In his book Trusting God when Life Hurts, Jerry Bridges makes a profound statement that haunts me. “It is far easier to obey than to trust.” In the parable of the talents (Matthew 25: 14-30), the Master gets angry with the servant who buried his talent. His anger stems not so much from the act of burying as from the stubborn distrust the servant had in the character of the Master:

“Master, I knew you to be a hard man, reaping where you did not sow and gathering where you scattered no seed, so I was afraid and went and hid your talent in the ground (Matthew 25:24-25).

His burying of the talent came from a lack of trust in the goodness of the Master, from a fear that the Master would punish failure or expect more from him than was reasonable or possible.

Risking requires great amounts of trust.  Thankfully, we have more than a hunch that our God is indeed a Good Master. We have proof. For our Good Master allowed His precious son to be killed by the unfaithful stewards (see the Parable of the Vineyard, Matthew 21).

As someone who learned incredibly early to perform, I tend to limit my life to things I can do and do well. While I am all for boundaries and margins, often times my small spheres come not from wisdom but from fear. I fear that I might fail, and I fear how such failure might be received, just like the unfaithful steward. I envy those naturally confident, even brazen, servants who don’t have a hard time risking or investing or putting themselves out there.  I feel so much safer burying things or maintaining small circles that I feel I can control.

But love overcomes fear, and Christ’s love continuously calls me to stretch my circles as I seek to trust Him more and more. As such, I can imagine that the gift that Christ would most happily and proudly receive from me on that beautiful day when we embrace is a basketful of bold failures –not sinful failures, but failures that came from stepping out in faith, from venturing out on His Word beyond the territory of my own gifts or abilities.

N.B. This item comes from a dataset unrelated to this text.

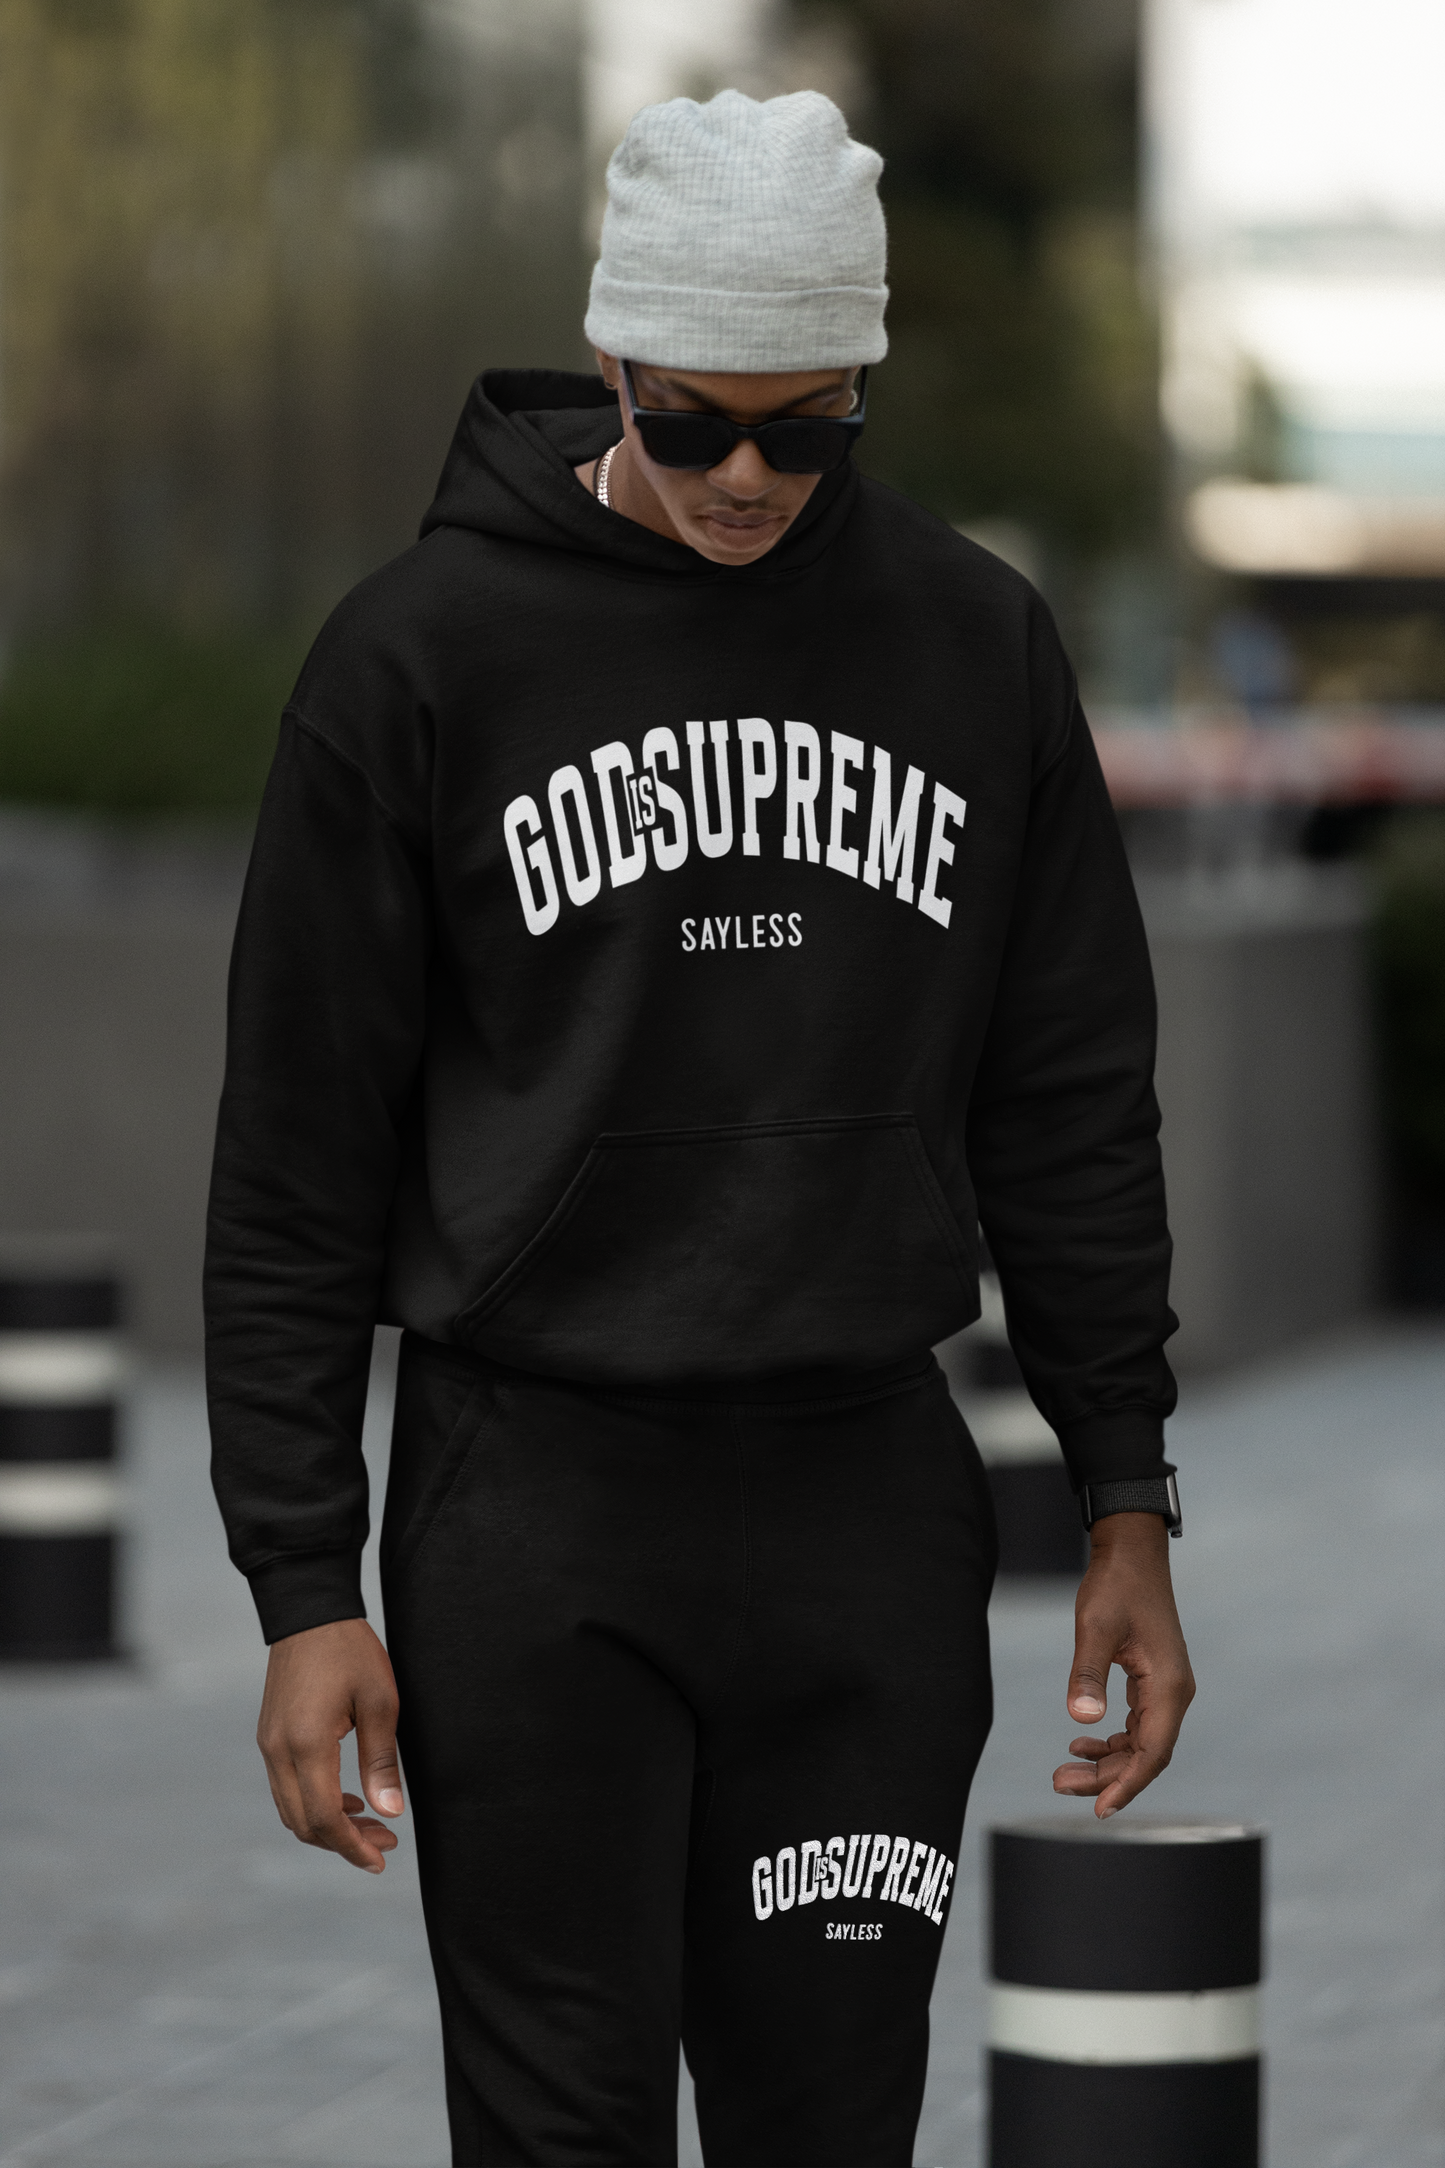 God is Supreme Sayless /White and Black Joggers

I love Brennan Manning’s words on this subjects. As a recovering (and sometimes relapsing alcoholic), Manning understood his obvious weakness which led him into the depths of God’s grace through the gospel of Christ. In his book The Signature of Jesus, he writes the following:

“The fear of falling on our faces exacts a heavy price. It discourages exploration and assures the progressive narrowing of the personality. There is no learning without fumbling. If we are to keep growing, we must risk failure all our lives.”

As I prepare to launch and promote another book, the well-worn, long-lived fear of failure keeps creeping to the surface in the form of haunting questions: What if y’all don’t buy the book? In the rare event that you might, what if you don’t like it? What if my words are misunderstood? Worse yet, what if my words aren’t clear or don’t point clearly and concisely to One who is the Word of God?

When the questions come, I simply imagine my basketful of failures. If I fail (and I will, since there are always things we could have said or said better or said differently), I have another faith-compelled risk to put into the basket that I will lay down at His beautiful feet. Reluctantly, I will gently gather and collect failures and fumbles as precious gifts birthed from a growing trust in the overwhelming Goodness of the Master.

In success, we receive and gather our flowers – not for our own glory or aggrandizement, but so we might present them to the One to whom all success is due. In failure (or even perceived failure), we do the same. In both our God gets the glory! I long for the day when I will get to present both my boquets of successes and my basketful of failures to Jesus. Even more so, I long for the day when trusting Him will forever be my default mode.